Oscar winner Tom Schulmann surrounded by his “classmates”: On Friday evening, the American screenwriter had a brief appearance in the revival of the successful play “The Dead Poets Society” in the Bad Hersfeld monastery ruins. © Steffen Sennewald

Oscar winner Tom Schulmann attended the Bad Hersfeld Festival and even acted in his play “The Dead Poets Society”. We met him for an interview.

Bad Hersfeld – The Oscar winner Tom Schulmann visited the Bad Hersfeld Festival at the weekend and even played a small role in “his” play “The Dead Poets Society”. Our newspaper met Tom Schulman for an exclusive interview in Bad Hersfeld. Kai A. Struthoff spoke to the American screenwriter.

Mr. Schulman, welcome to Bad Hersfeld! The most important question first: How did you like the stage version of your play “The Dead Poets Society” in the monastery ruins?
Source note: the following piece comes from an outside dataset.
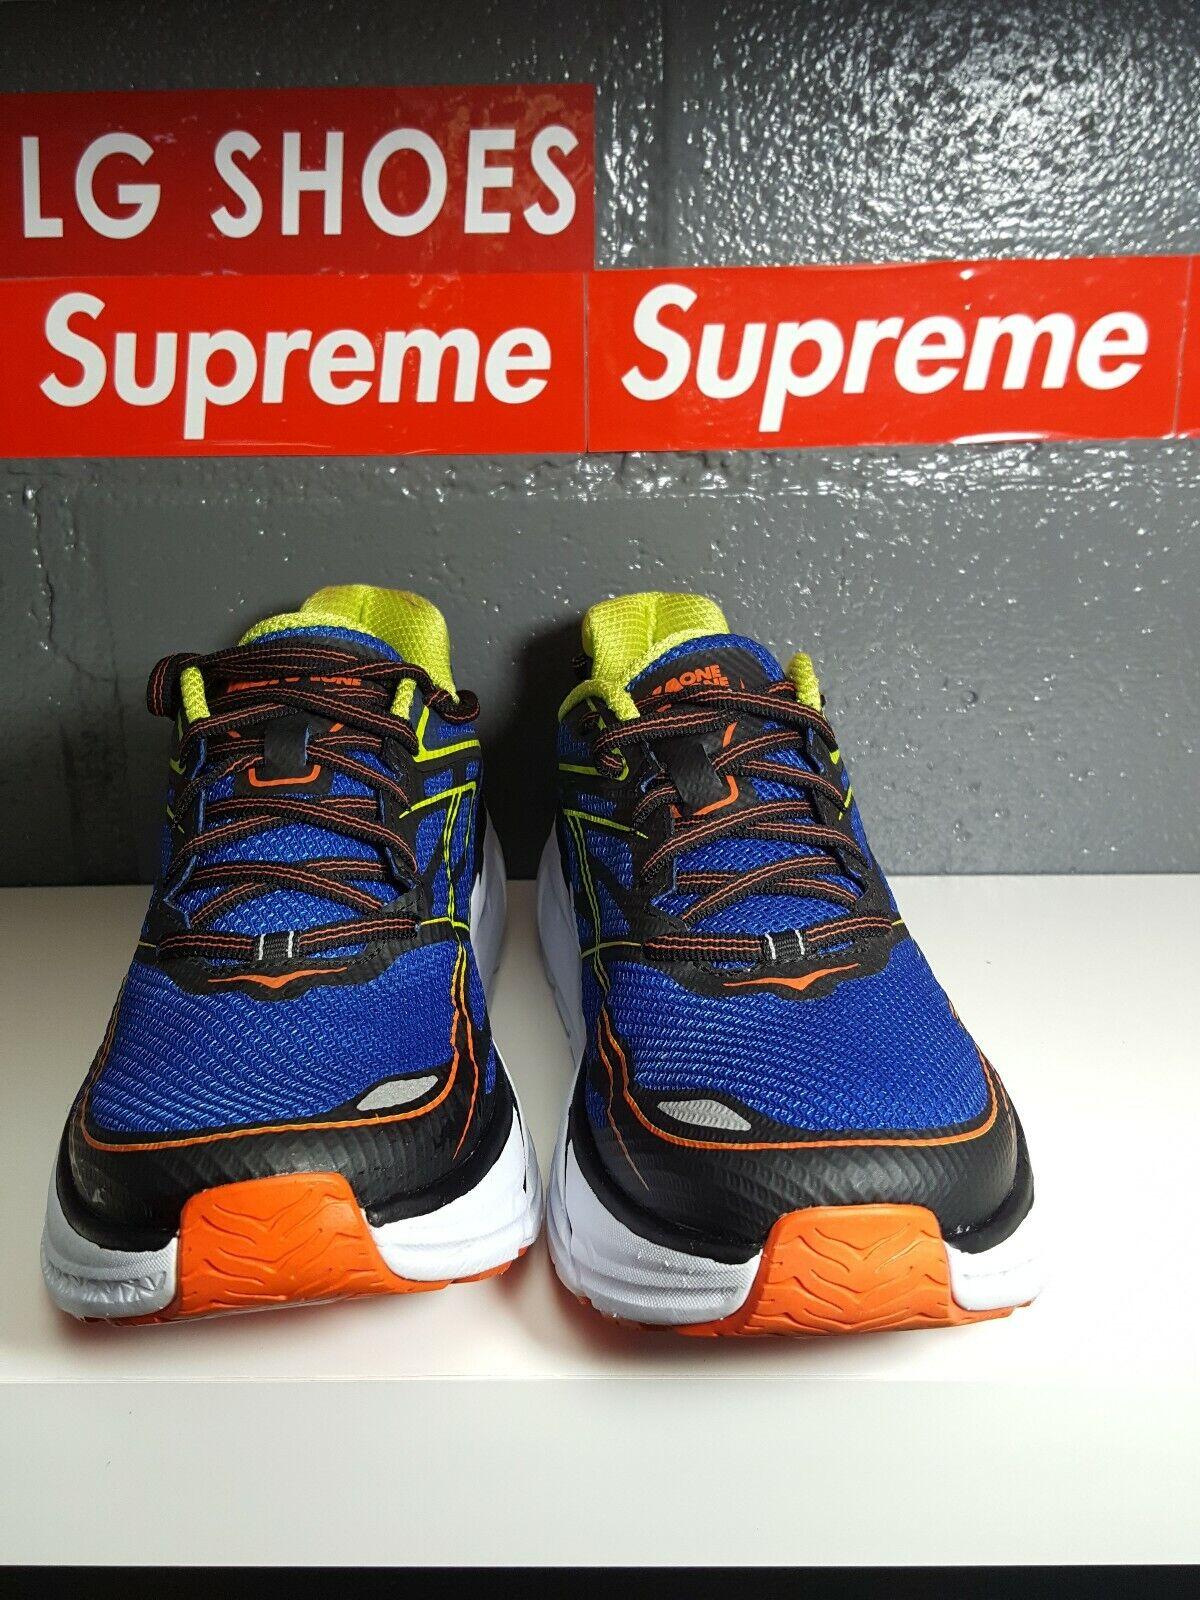 Hoka shoes shoes shoes Mens multi colors size8.5 496d6c
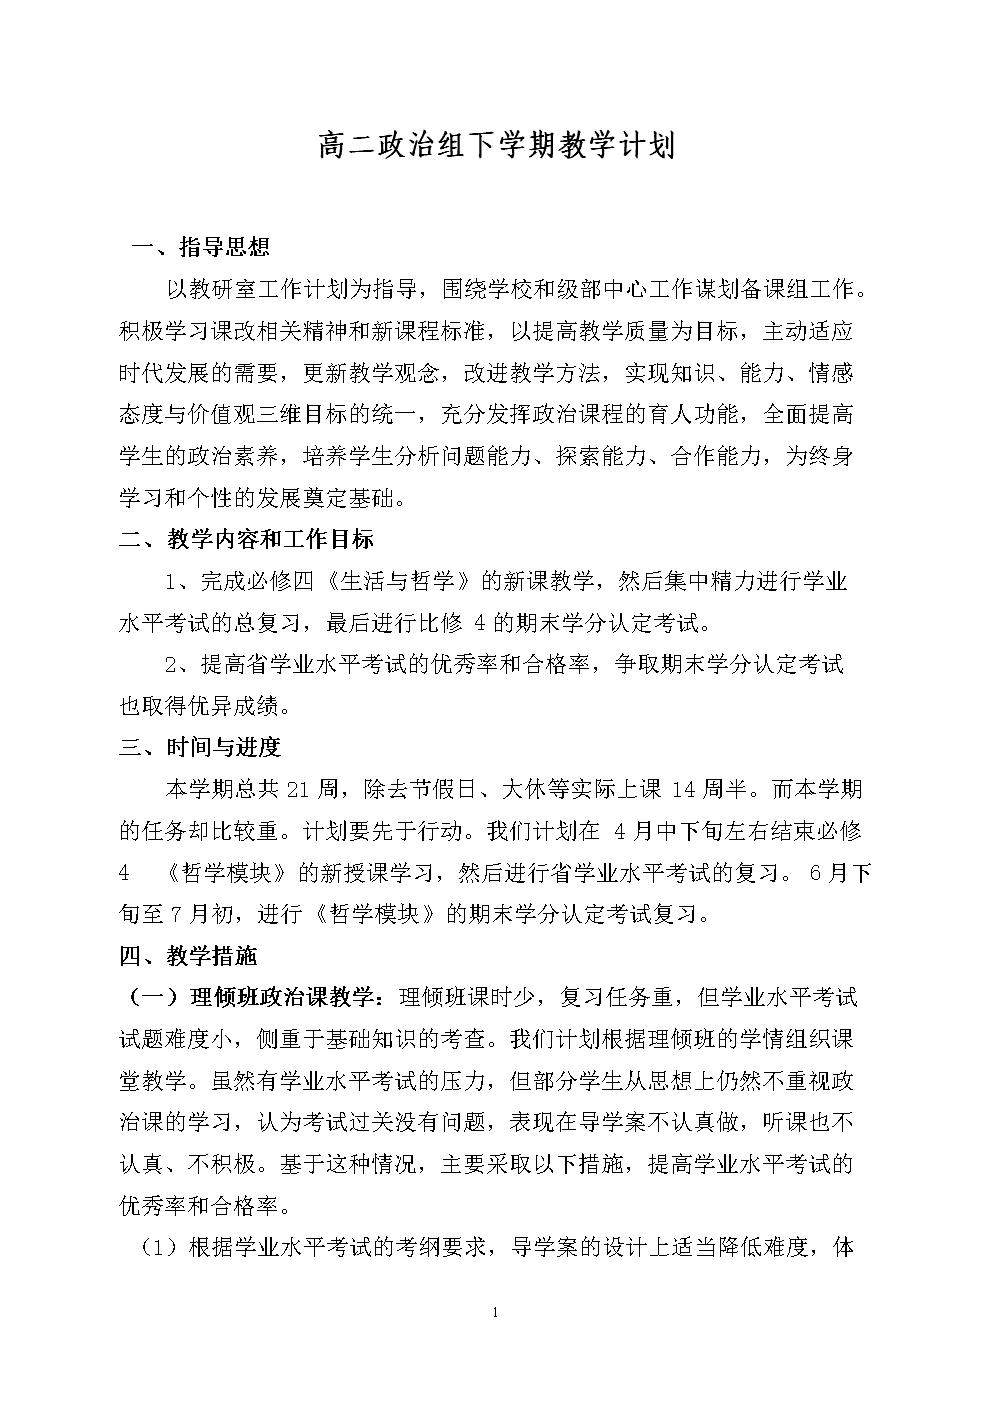 高二政治组下学期教学计划.doc

It was fabulous, loved it. Although I don’t speak German, I understood everything and it was very engaging and intense. You might cry and laugh, it was very touching. It was so imaginative visually and dramaturgically and the actors were fantastic. Jörn Hinkel did a great job directing.

How do you like the monastery ruins?

The monastery ruins are spectacular. I had seen photos, but when you see them in person, the grand old walls and the sheer size of the building are breathtaking.

The story regarding the students of the old-fashioned and strict Welton Academy has an autobiographical background. You went to a school like that yourself. Which of the students in the play are you?

Interview with an Oscar winner: Tom Schulman with editor Kai A. Struthoff following the interview at the Hotel zum Stern in Bad Hersfeld. © Monika Liegmann

The model for the school was the conservative Montgomery Bell Academy, an all-boys school but not a boarding school. Personally, I identify with Todd Anderson the most because I used to be a very shy young man. While I didn’t stutter, I avoided speaking in class whenever possible.

Although Dead Poets Society is set in the 1950s, many of the problems with the educational system that the play reveals are still relevant. Or have schools in the US changed since then?

We are witnessing a new backward-looking trend in education in the United States – particularly in Florida.

You mean because it’s now considered a crime in the Republican-governed state to expose students to books that are considered “lewd” and “obscene”?

Exactly. There is censorship in the schools, especially when it comes to controversial social issues such as dealing with slavery and racism. The students are deliberately limited in their learning opportunities. This repressive form of education, which is also portrayed in “Dead Poets Society”, is currently experiencing a comeback in some conservative states in the USA.

Director Joern Hinkel told us that he was in regular contact with you while writing the German stage version. What did you exchange regarding?

We mainly talked regarding which parts of the film should also appear in the stage version. I wrote a stage version myself for a theater in New York, but it was only 90 minutes long. I cut a lot and even left out whole characters. That’s why Joern and I revised the piece very thoroughly, especially from the point of view of what content is important for a German audience. In doing so, I orientated myself primarily towards Joern Hinkel, because he knows his audience best.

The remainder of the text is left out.